ATHENS (REUTERS) - Greek Prime Minister Alexis Tsipras' Syriza party looked set to split after the leader of its far-left faction called on Thursday for a new movement to fight a bailout deal that lawmakers are expected to vote on in the coming hours.
With euro zone finance ministers also due to decide on Friday on the bailout, the International Monetary Fund made clear it would participate in the programme only if Europe agreed to ease Greece's huge debt burden.
Days after striking a deal with foreign creditors, Mr Tsipras is asking parliament to approve a bailout agreement that pledges tax rises and spending cuts in exchange for 85 billion euros (S$132.65 billion) in fresh loans. It would be Greece's third financial rescue programme in five years.
The vote will test the strength of a rebellion by anti-austerity Syriza lawmakers, which could raise pressure on Tsipras to call elections as early as September.
Parliamentary speaker Zoe Konstantopoulou, one of the Syriza hardliners who opposes the deal, snubbed a request from Tsipras to speed up handling of the bailout bill so that it can be voted on well before the euro zone finance ministers meet in Brussels.
The plenary session finally got underway in parliament at 2 a.m. (2300 GMT) after Konstantopoulou raised a series of procedural questions and objections, meaning no vote can be held at least until well into the early hours of Friday. But lawmakers were still bickering over procedure and debate on the substance of the bailout bill had yet to begin.
The rebels' leader, former energy minister Panagiotis Lafazanis, took a step toward breaking away from Syriza, a coalition of leftist groups which stormed to power in January promising to reverse austerity policies demanded by the euro zone and IMF creditors.
"The fight against the new bailout starts today, by mobilising people in every corner of the country," said a statement signed by Lafazanis and 11 other Syriza members and posted on the far-left faction's Iskra website.
The statement called for founding a "united movement that will justify people's desire for democracy and social justice", although it did not explicitly call for a new party or a split from Syriza.
The government responded by saying the move "finalises his decision to choose a different path from that of the government and Syriza".
The rebels insist the government should stand by the promises on which it was elected, to reverse the waves of spending cuts and tax rises which have had a devastating effect on an already weak economy over the past few years.

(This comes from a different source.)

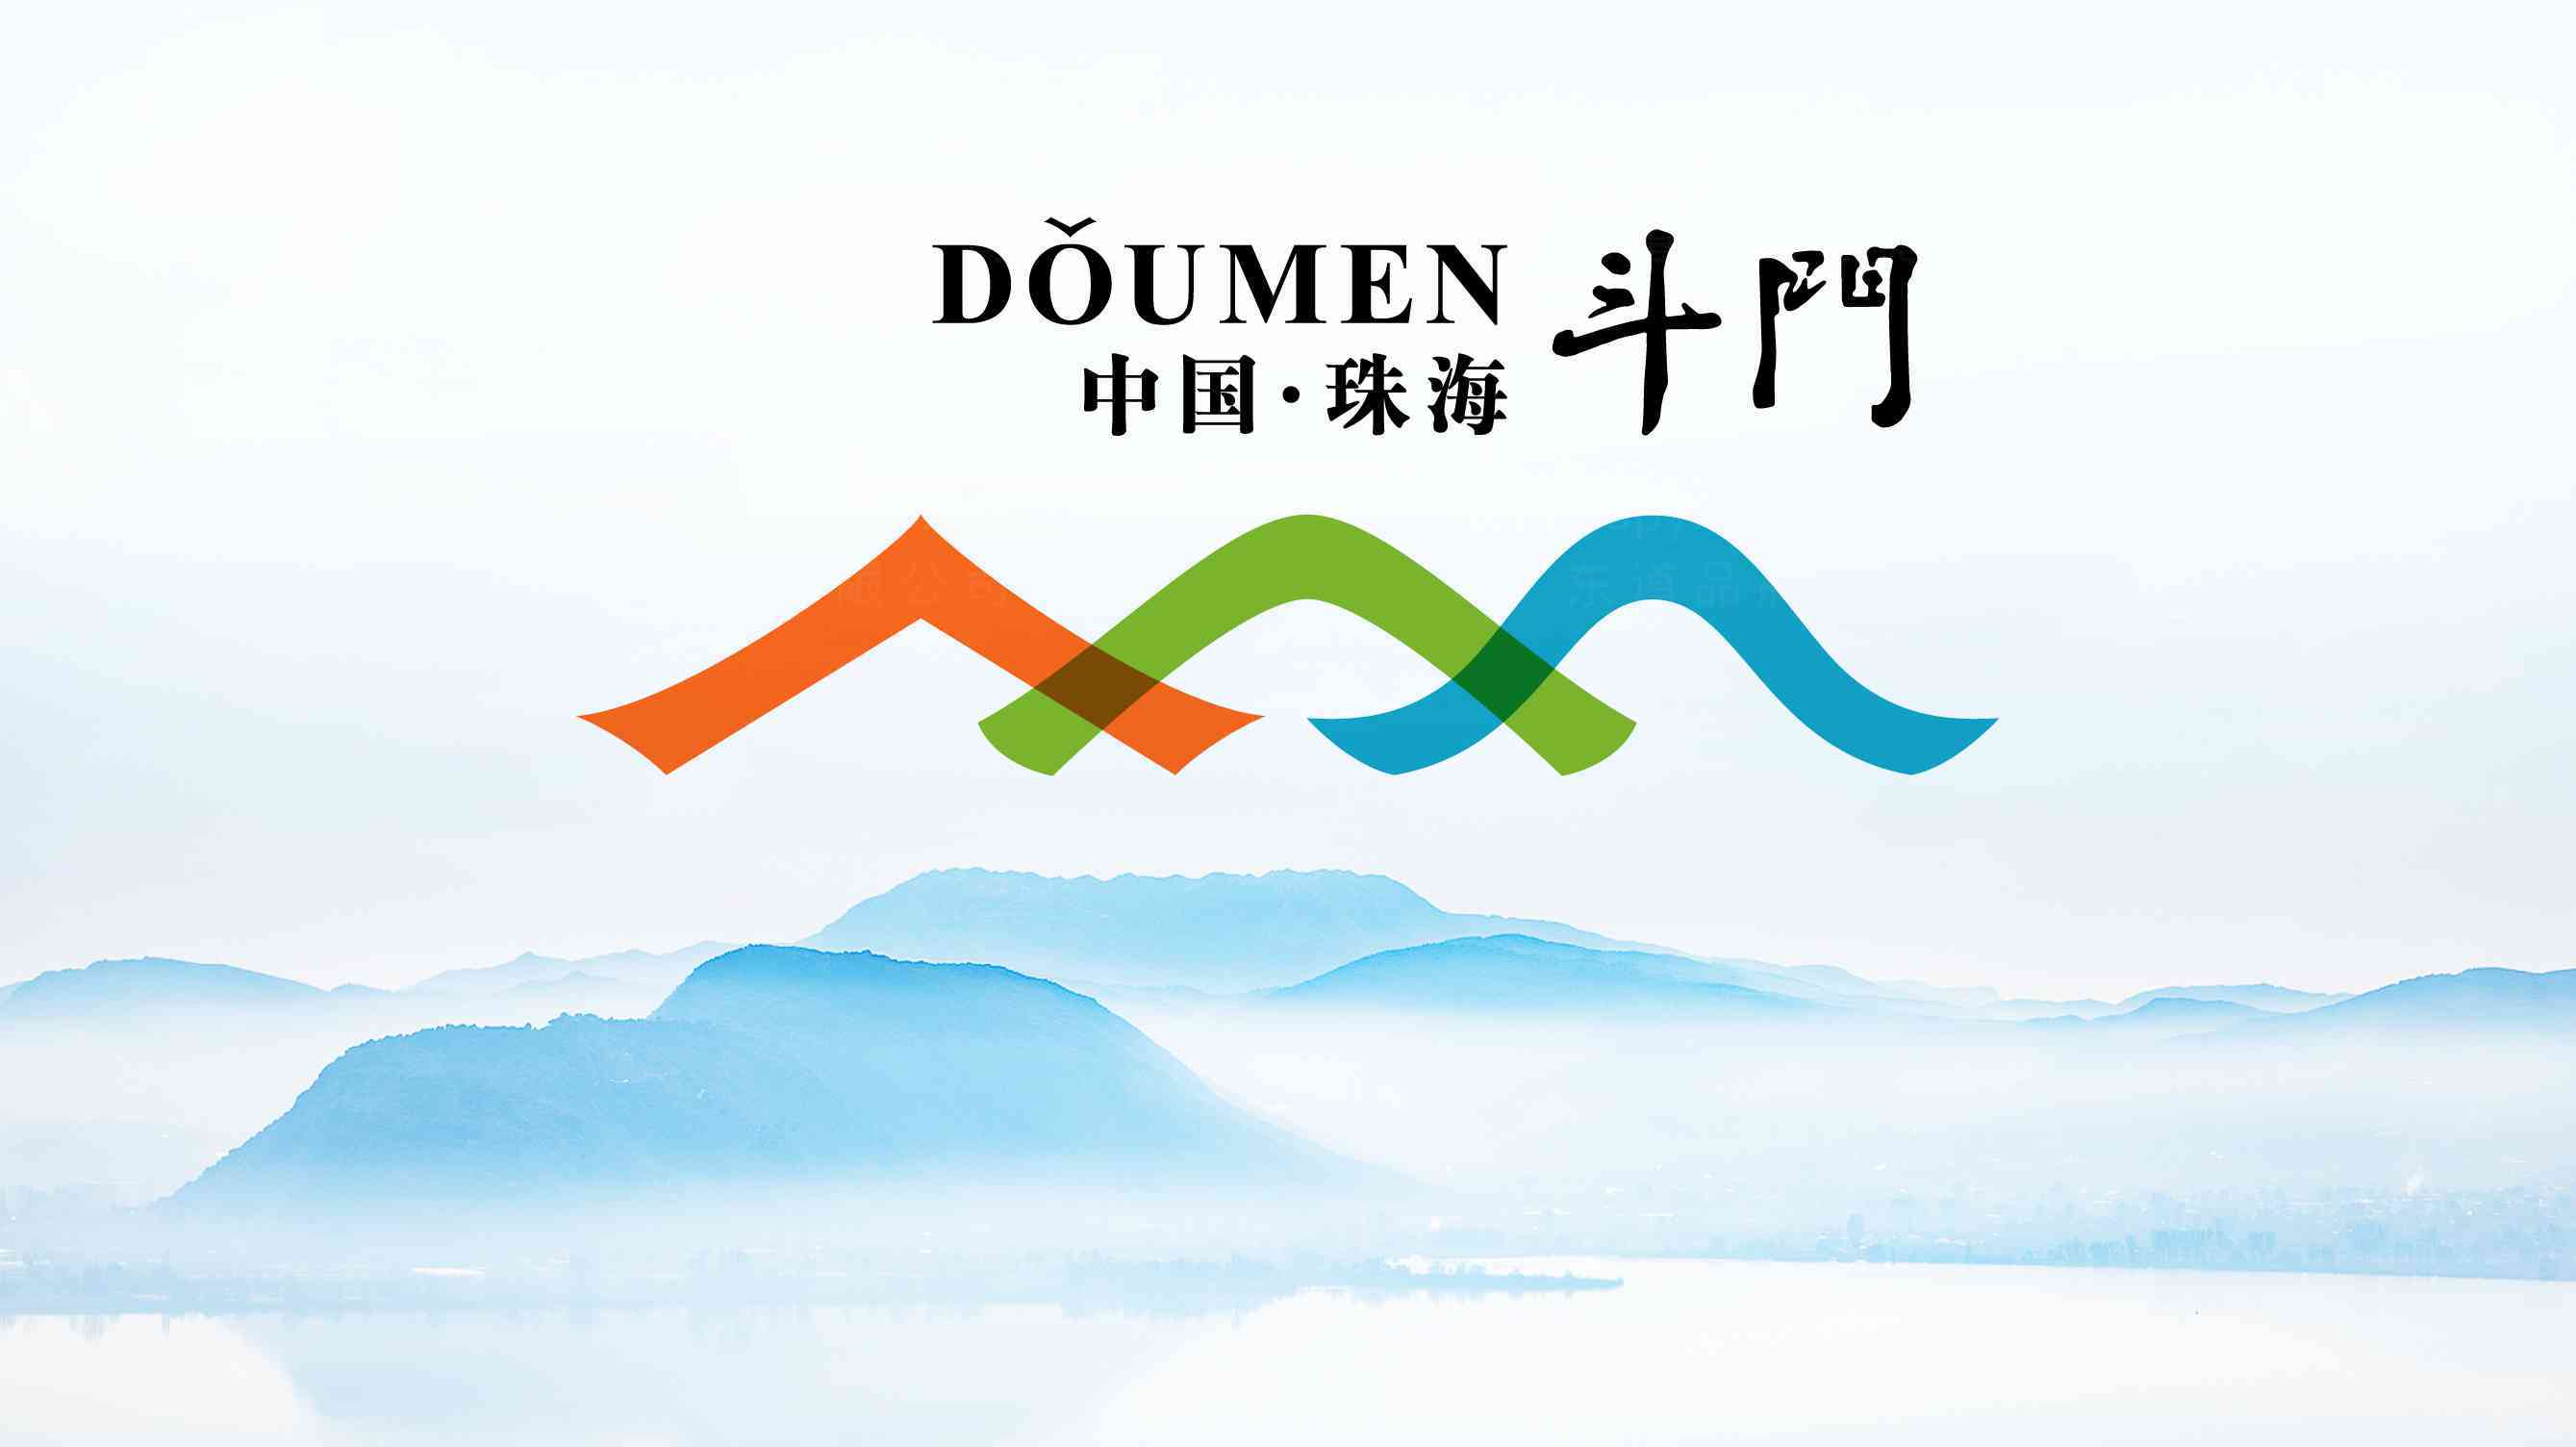 斗門旅游局logo設計圖片素材

Parliament, however, is expected to approve the bailout agreement by a comfortable margin when it finally votes since opposition parties have promised their backing for the government to ensure Greece does not return to financial chaos.
Once the bill is passed, the euro zone finance ministers still have to approve the deal for aid to be disbursed before Athens must make a 3.2 billion euro debt payment to the European Central Bank on Aug. 20.
Germany's Bild newspaper reported that if the bailout does not win approval on Friday, Greece could get 6.04 billion euros in bridge financing. While Athens opposes such a short-term loan, the money would allow it to avoid defaulting on the ECB debt repayment.
Another uncertainty is whether the IMF will join the new bailout. "The IMF ... will make an assessment of its participation in providing any additional financing to Greece once the steps on the authorities' program and debt relief have been taken," IMF Greece mission chief Delia Velculescu said in a statement.
Tsipras has long argued Greece cannot repay all its debts and demanded a partial write-off. The creditors have agreed to consider the issue only after a review in October of the government's implementation of its side of the deal.
An analysis seen by Reuters said the creditor institutions had "serious concerns" about the sustainability of Greek public debt. However, sustainability could be achieved without any write-off by extending grace periods before Athens has to start paying interest and principal on its bailout loans.